Donnerstag, 20. November 2008

Einladung in die Höhle des Bären: Jedinaja Rossija schafft soziales Netzwerk

Anläßlich des gerade laufenden Parteitages von „Jedinaja Rossija“ startete heute in Rußland ein neues soziales Netzwerk im Internet. Neben Mitgliedern der Regierungspartei steht das Portal „Berloga“ auch Angehörigen und Sympathisanten sämtlicher Parteien Rußlands offen.


Auf die Namensgebung scheinen die Macher einige kreative Energie verwendet zu haben. Die Initalien der Partei, das kyrillische E (spriche „je“) und R, sind optisch hervorgehoben in das Wort „Blog“, um ein a ergänzt, eingeschoben. Übersetzt bedeutet Berloga „Bärenhöhle“ und spielt somit auf das Wappentier der Partei an.


Auf der Titelseite wird der Besucher von einem politischen Koordinatensystem der russischen Parteienlandschaft vor dem Hintergrund einer bunten Fahne begrüßt. Elf politische Parteien sind dort anhand der Kriterien „rechts“ und „links“ sowie „Radikalismus“ und „Konservatismus“ eingezeichnet. Dem Zentrum am nächsten, mit leichter Tendenz Richtung „rechts“ und „Konservatismus“, steht „ Jedinaja Rossija“.
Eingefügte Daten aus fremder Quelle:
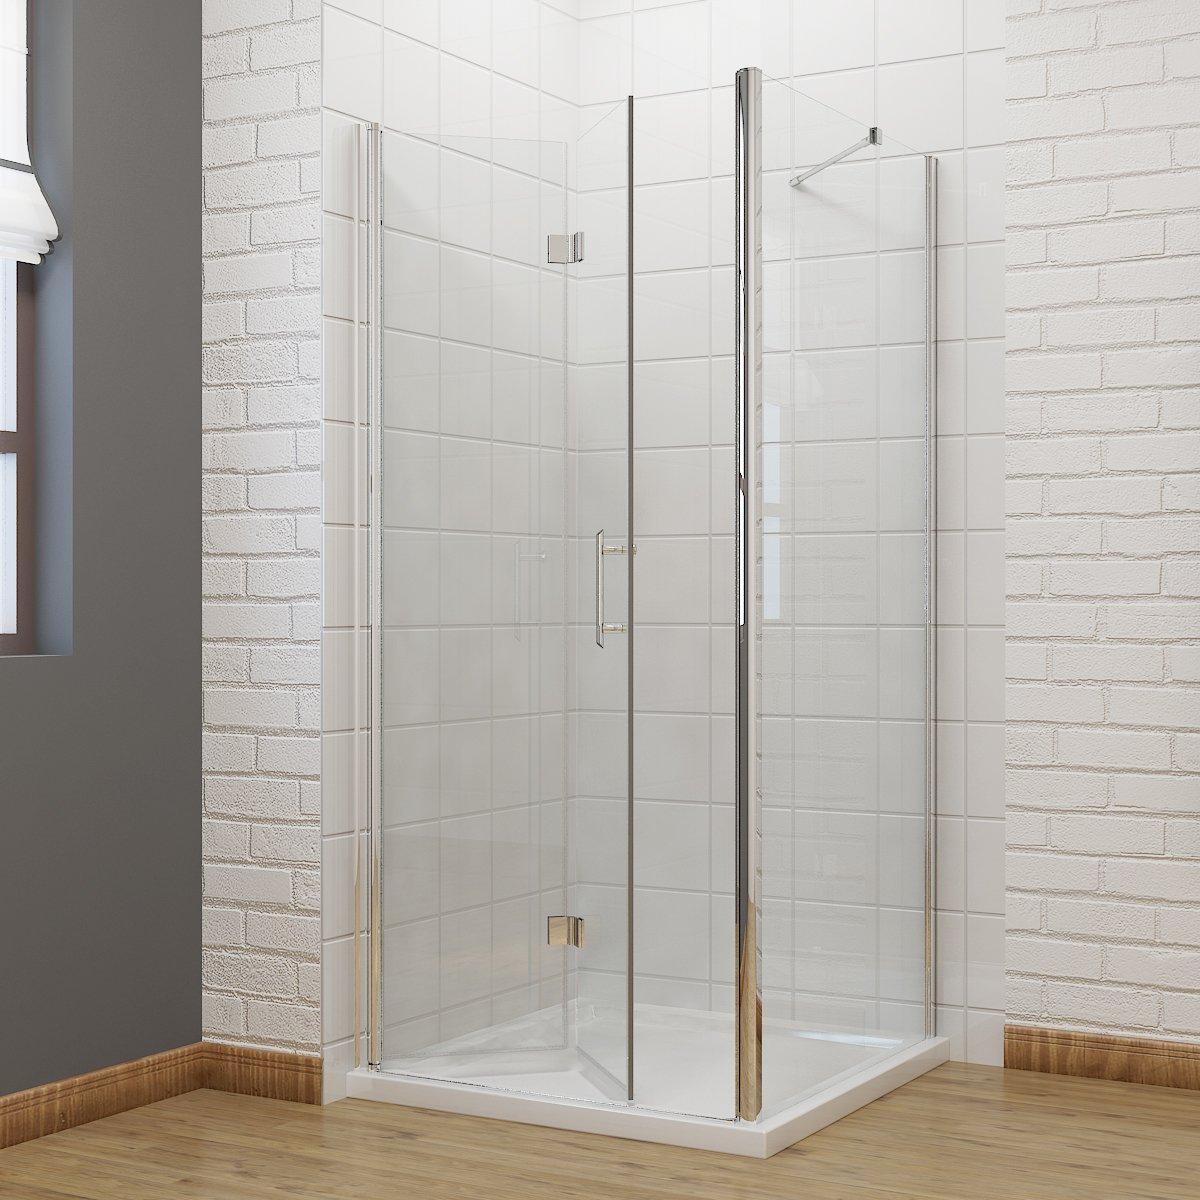 900 x 700 mm Bifold Shower Enclosure Glass Shower Door Reversible ...

Die Seite bietet ihren Benutzern an, Profile anzulegen, stellt Diskussionsforen für jede einzelne Partei zur Verfügung und sieht außerdem Videoblogs vor. Nur drei einfache Regeln werden auf der Titelseite formuliert. Zunächst soll die Meinung von Gegnern respektiert werden. Zweitens soll die Gesetzgebung der Russländischen Föderation beachtet und Extremismus sowie vulgäre Sprache vermieden werden. Der dritte Punkt ist schließlich ein Aufruf, eine „konsequente politische und staatsbürgerliche Position“ zu demonstrieren sowie sich „aufrichtig um das Wohl Rußlands“ zu sorgen.
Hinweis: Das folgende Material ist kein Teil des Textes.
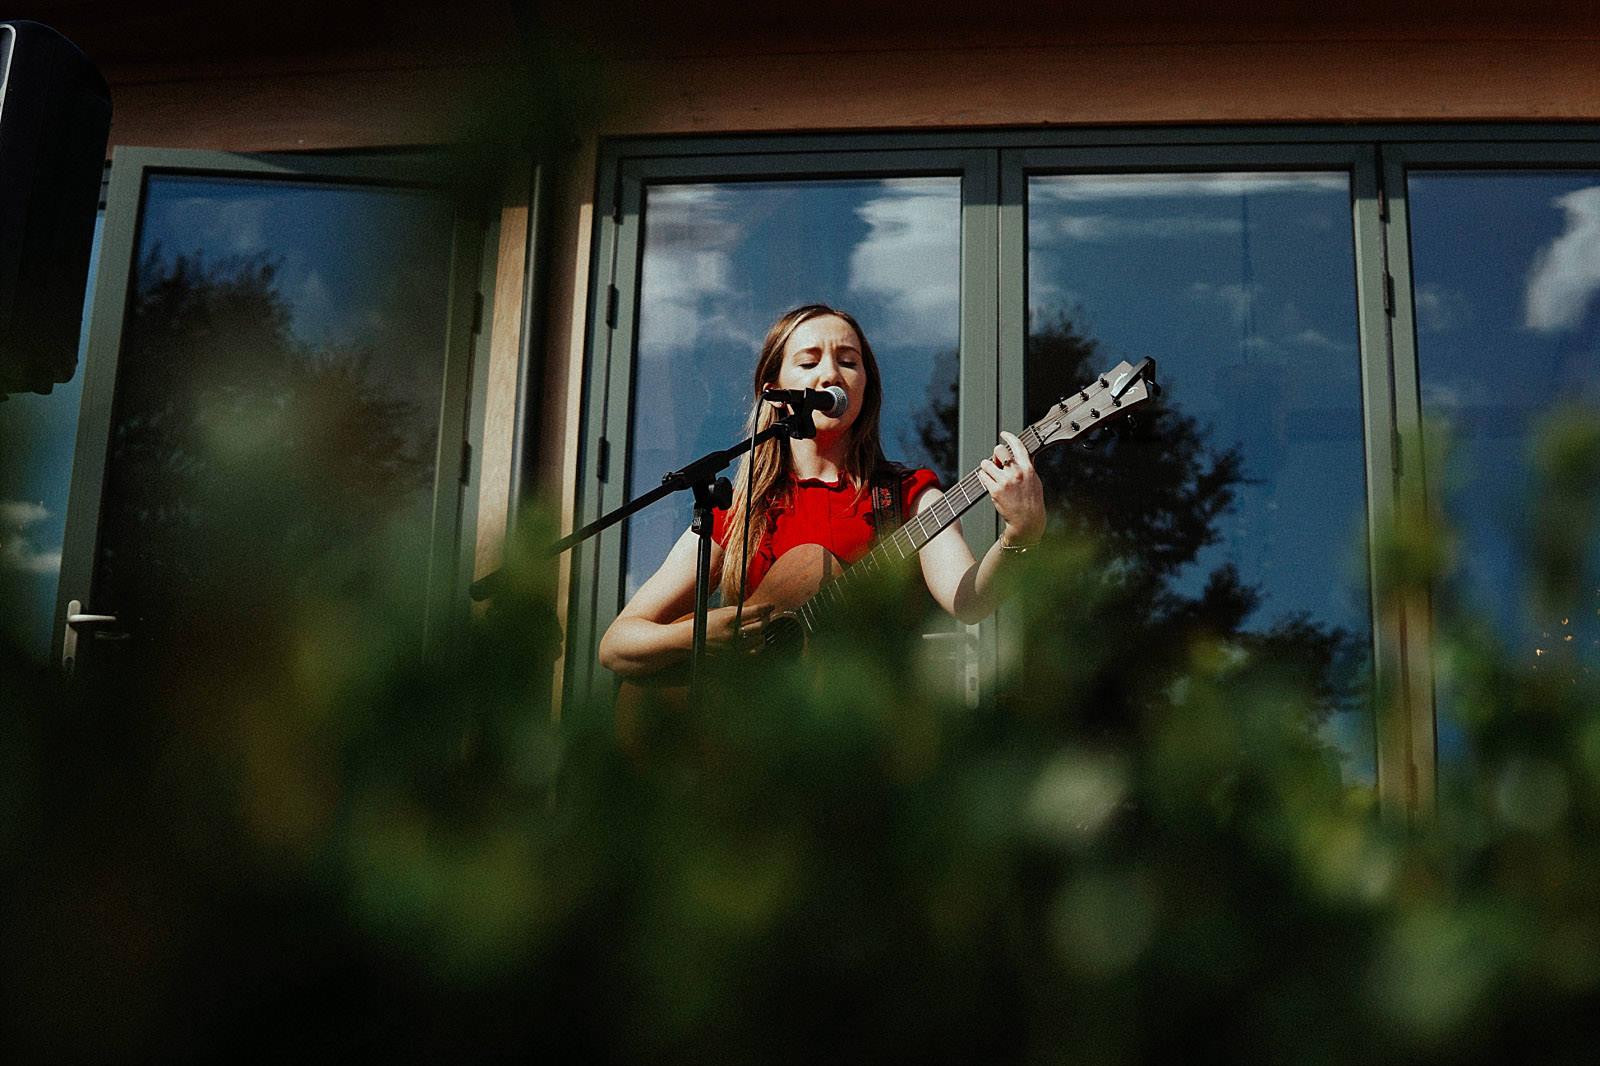 lucy mayhew wedding singer at a wedding

Mit dem Portal scheint der Partei gleich in mehrerlei Hinsicht ein geschickter Schachzug gelungen zu sein. Zunächst ist sie in einem jungen Medium vertreten und kann sich davon erhoffen, gerade junge und gut ausgebildete Internetnutzer an sich zu binden. Sie gewinnt weiterhin an Terrain im Internet, das aufgrund der restriktiven Bedingungen für Radio, Fernsehen und Printmedien den letzten Rückzugsort für die politische Opposition darstellt. Dies tut sie nicht durch plumpe Zensur, die einerseits dem Image schaden könnte, andererseits aufgrund des Charakters des Mediums nur schwer effektiv sein kann. Stattdessen inszeniert sie sich als die Kraft, die sogar ihren politischen Gegnern Ressourcen zum Meinungsaustausch zur Verfügung stellt. Damit bestimmt sie allerdings auch die Spielregeln des Dialogs. Die Opposition in Rußland muß sich entscheiden, ob sie die Einladung in die Höhle des Bären annimmt.